3.传统的遗传学筛选候选蛋白的策略费时费力且应用范围局限,所以直接针对新生蛋白标记与富集的方法是更能快速识别病原菌效应蛋白的方法。david a. tirrell课题组发明了一种基于非天然氨基酸标记的生物正交方法(boncat),将叠氮基团引入蛋白质中,作为新合成的细胞蛋白质的富集策略(dieterich dc, lee jj, link aj, graumann j, tirrell da, schuman em. labeling, detection and identification of newly synthesized proteomes with bioorthogonal non-canonical amino-acid tagging. nat protoc. 2007;2(3):532-40.),具体的其是通过改造甲硫氨酸的trna合成酶,使其能够识别甲硫氨酸的非天然氨基酸类似物,从而在蛋白合成过程中添加上非天然氨基酸标记,可以阐明蛋白质组的时空动力学变化特征。
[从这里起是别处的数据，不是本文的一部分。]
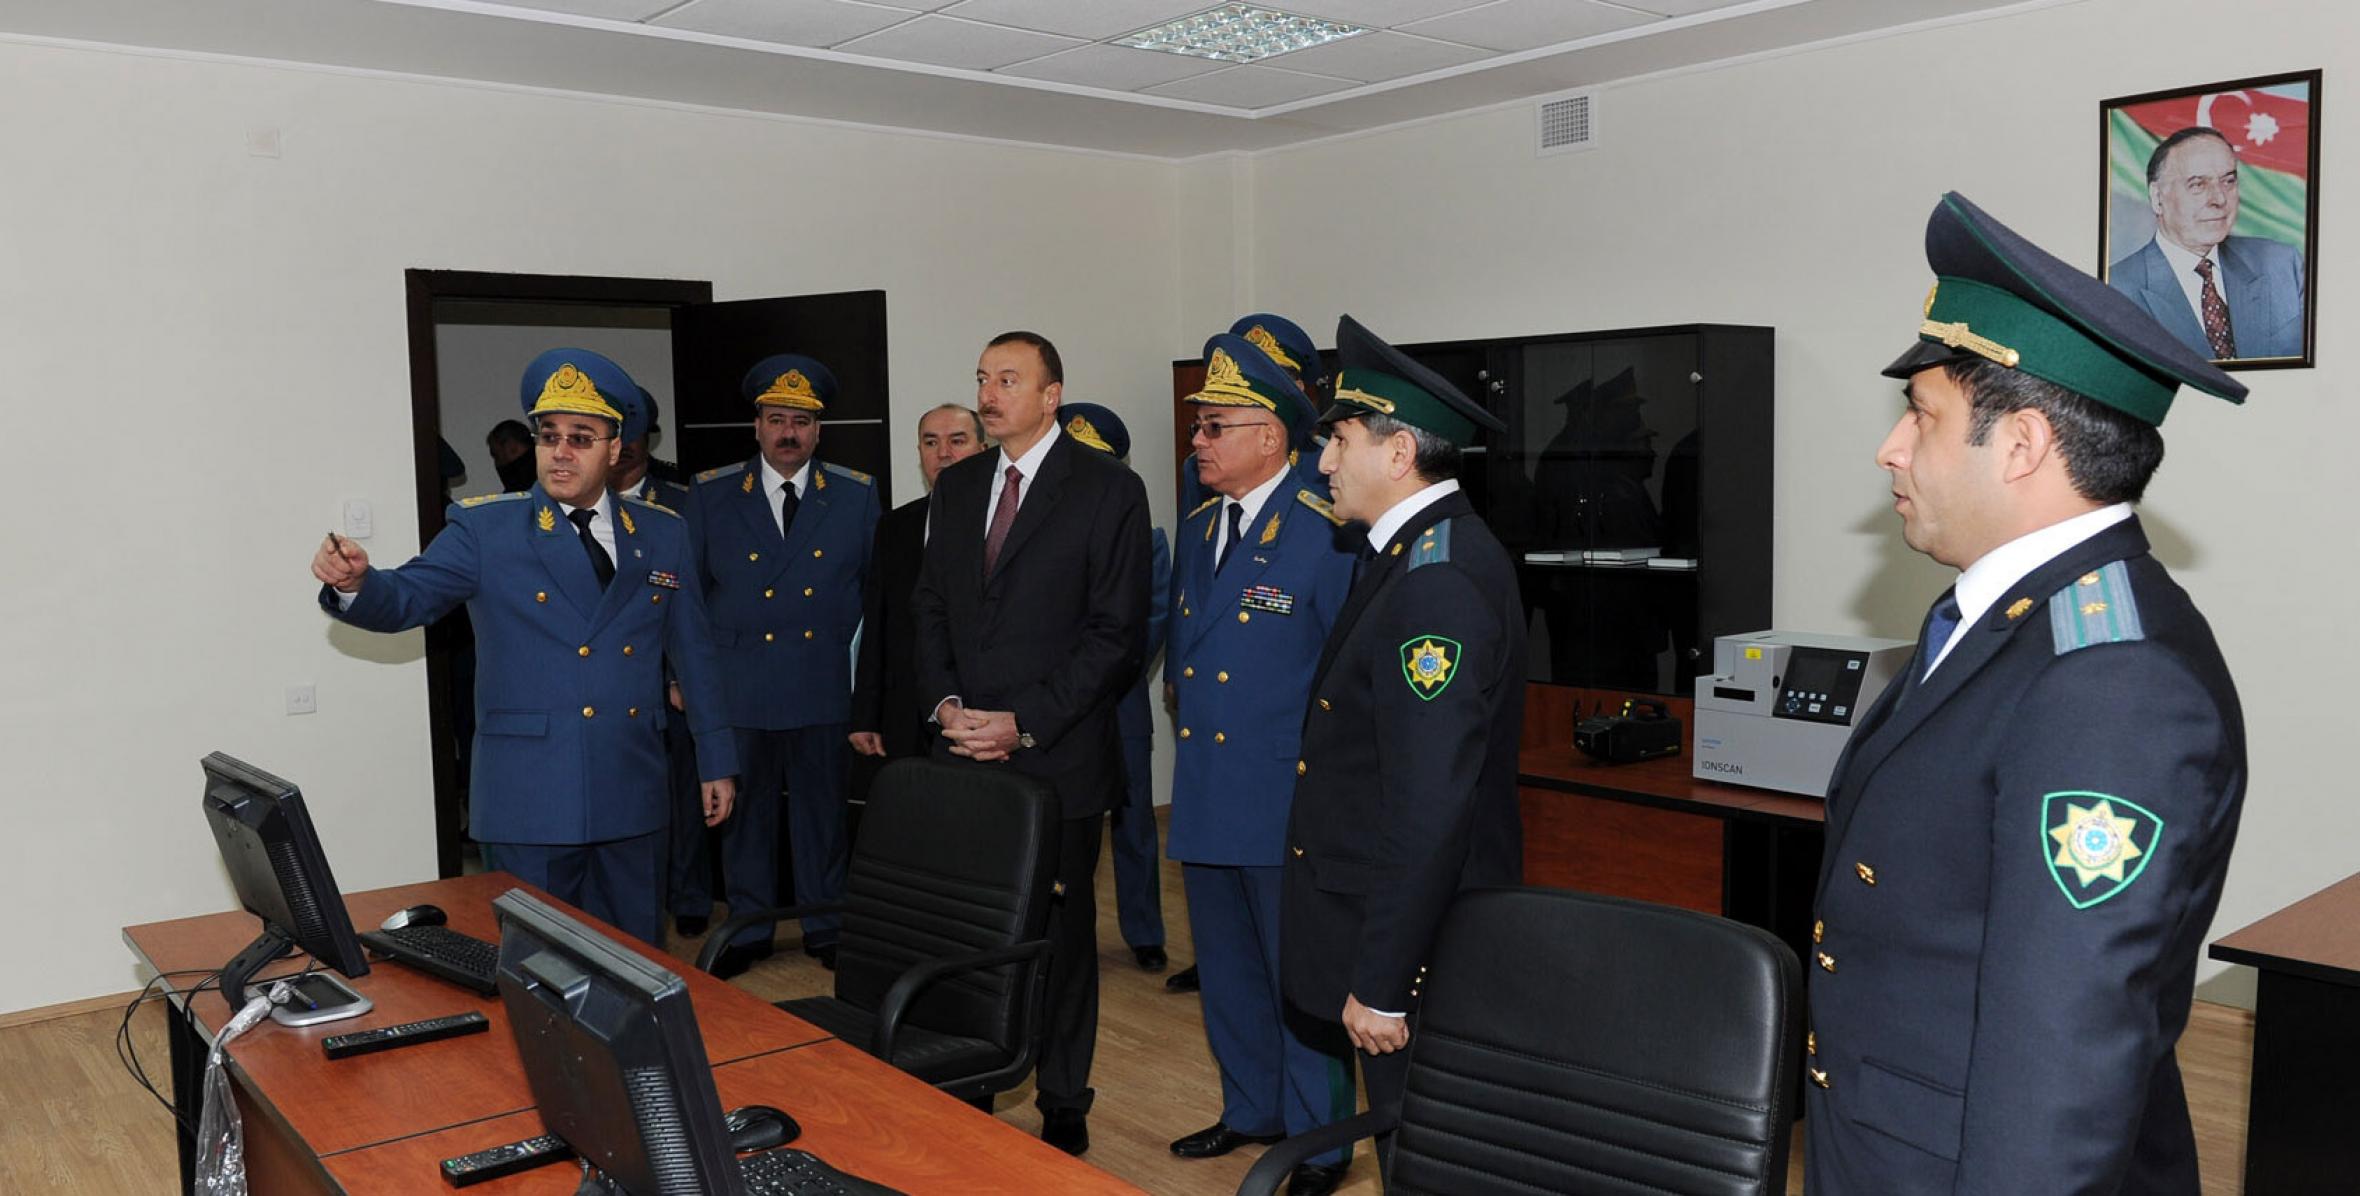 Ilham Aliyev took part at the opening ceremony of “Sinigkorpu” border customs check-point of Gazakh region

但是该方法的不足之处在于,其是基于所有蛋白都至少含有一个甲硫氨酸的前提下,也即蛋白起始密码子位(atg)编码的甲硫氨酸(met),但是该位的甲硫氨酸在大多数情况下会被切掉(giglione c, vallon o, meinnel t. control of protein life-span by n-terminal methionine excision. embo j. 2003 jan 2;22(1):13-23. giglione c, boularot a, meinnel t. protein n-terminal methionine excision. cell mol life sci. 2004 jun;61(12):1455-74),从而降低了非天然氨基酸的标记效率。
4.howard c.hang课题组对该方法进行改进,将甲硫氨酸trna合成酶,换成了苯丙氨酸trna合成酶(grammel m, dossa pd, taylor-salmon e, hang hc. cell-selective labeling of bacterial proteomes with an orthogonal phenylalanine amino acid reporter. chem commun (camb). 2012 feb 1;48(10):1473-4)。在除了首位的met外,其他位置苯丙氨酸(phe)的出现几率为3.9%,大于met的2.8%,因此,苯丙氨酸类似物可以相应的标记更多细菌蛋白。但howard c.hang课题组在标记中使用的非天然氨基酸为pep(para-ethynylphenylalanine),该非天然氨基酸会与宿主细胞发生非特异性结合,引入非必要的
背景,且其方法中采用的质粒表达突变型苯丙氨酸trna合成酶的方式,存在表达不稳定,且在宿主细胞内表达易丢失,导致后期蛋白质标记效率降低的问题。


技术实现要素:

5.本发明的目的是提供一种全新的、稳定的细菌新生蛋白标记的方法,以解决现有方法标记不稳定、易丢失的问题。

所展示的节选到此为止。